France’s Worldline has agreed to buy rival Ingenico in a deal valued at 7.8 billion euros $8.6 billion that will create the industry’s fourth-largest player in the digital payments business.
The combined company will have projected 2019 revenues of 5.3 billion euros and operating margins of 1.2 billion euros. Worldline expects the deal to create cost savings of 250 million euros over the next four years, CNBC reported.
Worldline CEO Gilles Grapinet will lead the combined company as CEO. Ingenico chairman Bernard Bourigeaud is expected to be appointed non-executive chairman.
Grapinet said the deal, which is expected to close in the third quarter of 2020, would help create a “world-class leader” in Europe’s digital payments sector, calling it a “landmark transaction for the industrial consolidation of European payments.”
Ingenico’s Bourigeaud said the takeover “offers a unique opportunity to create the undisputed European champion in payments on par with the largest international players.”

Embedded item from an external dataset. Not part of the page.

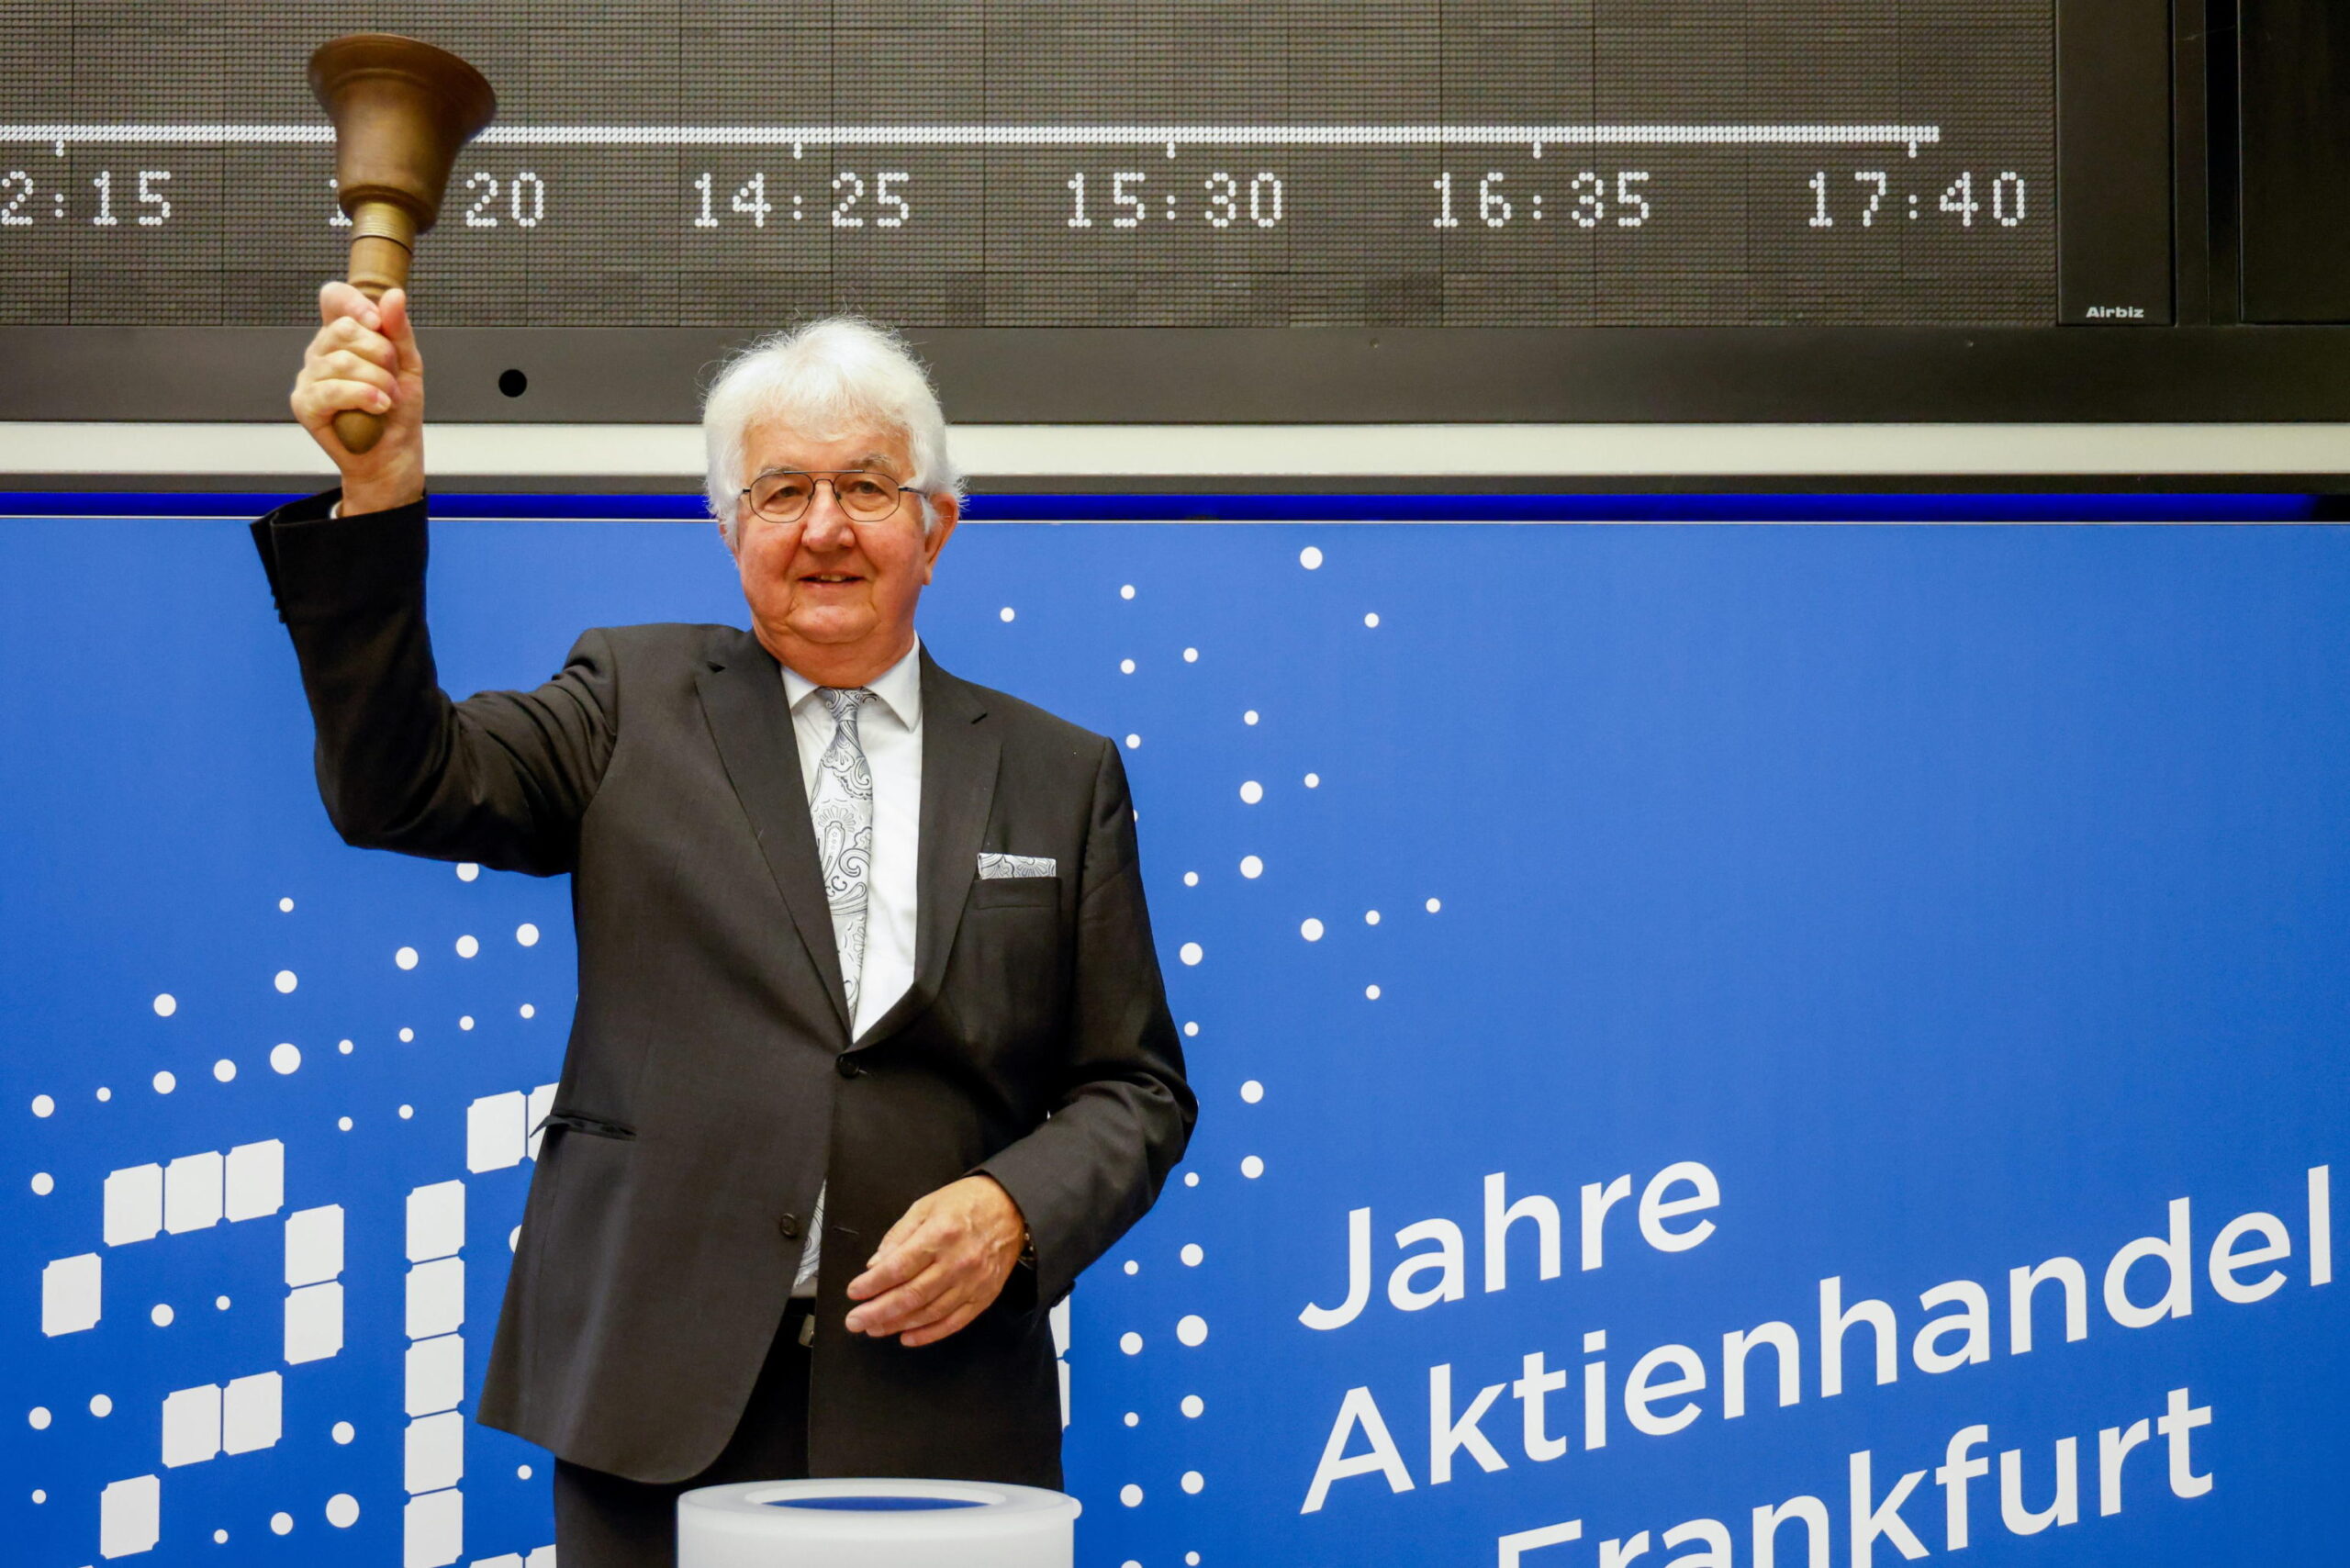 epa08656047 The Governor of the Austrian National Bank Robert Holzmann rings the Opening Bell on the trading floor at the Frankfurt Stock Exchange during the celebration of 200 years of stock trading in Frankfurt, Germany, 09 September 2020. The share of Austrian National Bank was first tradable share in Frankfurt in 1820.  EPA/JOERG HALISCH

The deal comes as legacy payment processors face increased competition from a multitude of new financial technology rivals which are snatching merchants with their digital payment platforms.
Companies like America’s Stripe, India’s Paytm and Britain’s Checkout.com have managed to hit multi-billion dollar valuations thanks to the flood of venture capital gravitating toward the space.
U.S. fintech group Fidelity National Information Services (FIS) bought payment processor Worldpay for about $35 billion last year.
Fiserv bought First Data in a $22 billion deal and Global Payments merged with Total Systems Services to create a $40 billion payments powerhouse.